Singers often underestimate the time needed to prepare. I advise the following for a more complete preparation for roles and for auditions. Learn your words and music from a score, not from a recording. Recordings are useful because they allow you to hear what is happening stylistically and in the orchestra, but you want to become a consummate musician, not a copycat. Train your ear. Learn the art of musical and dramatic collaboration. Train your bodies to move flexibly and with stamina and conviction. Do extensive historical research to prepare your character, even for a single aria. Read. Listen to great singers of the past. Use our modern tools see yourself objectively in audio and video recordings or yourself. Approach these recordings, your lessons, and your career with a positive willingness to find and fix any areas that need improvement.
How do you know when you are ready for an audition or performance? Ask yourself these questions:
Are you technically very well prepared?
Are you able to look forward to the audition with joy and confidence?
Do you want to share what you feel in harmony with the composer and librettist?

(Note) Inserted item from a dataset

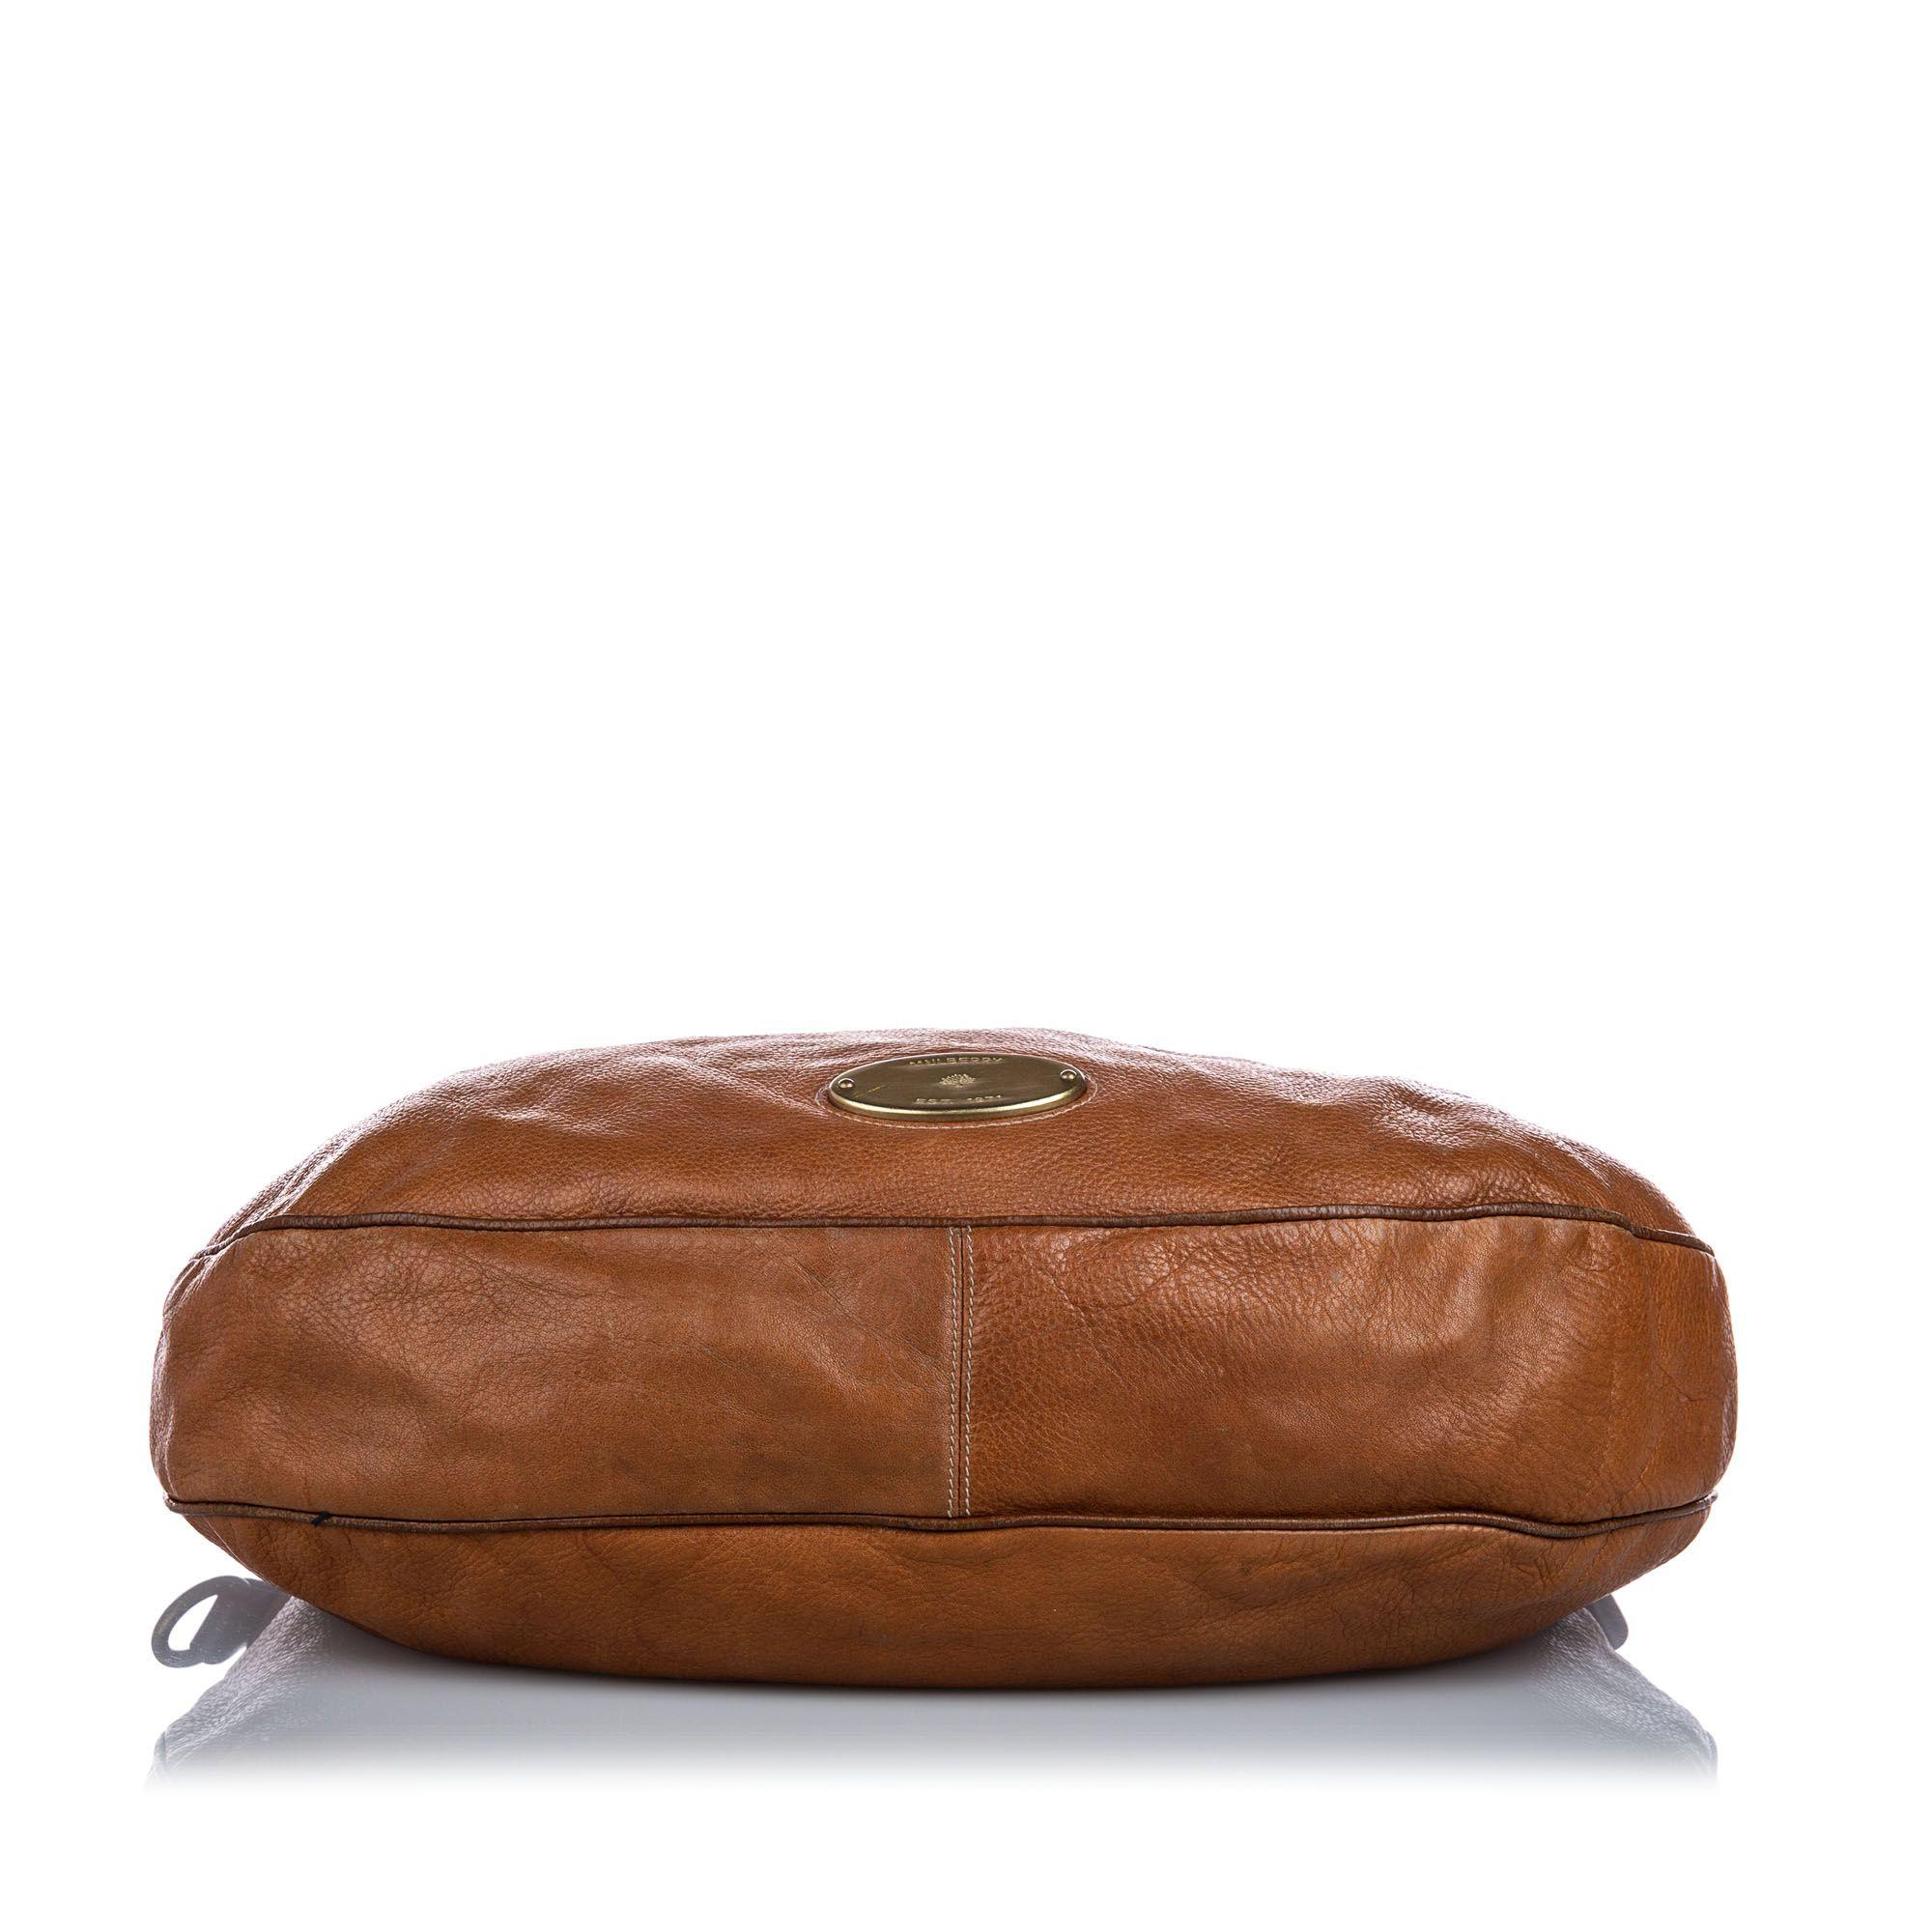 Vintage Mulberry Leather Mitzy Shoulder Bag Brown

Is your objective to impress the auditioners, or are you truly excited to sing with exuberance and intense feeling?
Above all else, your audience and auditioners want to see, hear, and feel that exuberance and love of the music. Though not something you can learn, you can learn to express this excitement with this kind of preparation, performance, and self-evaluation. As an artist, you must be willing to answer these questions objectively. If you cannot, it is certainly not disgraceful to find satisfaction in an easier profession. The ultimate goal for any person is happiness, and you have to know inside yourself that the sheer joy and privilege of singing for a living will make all of your questions and sacrifices worthwhile. As Dame Eva Turner said long ago, “don’t sing unless you’d die if you didn’t.”
About the Author: Sylvia McClain is an associate professor of voice and opera at the University of Connecticut. Dr. McClain has had a distinguished career as a performer and a scholar both in Germany and the United States. She has taught voice at Hardin-Simmons University, Southwestern University, The University of Texas at Austin, and Howard Payne University. She is a graduate of Indiana University, and she received her doctorate from The University of Texas at Austin, where she studied with Barbara Honn.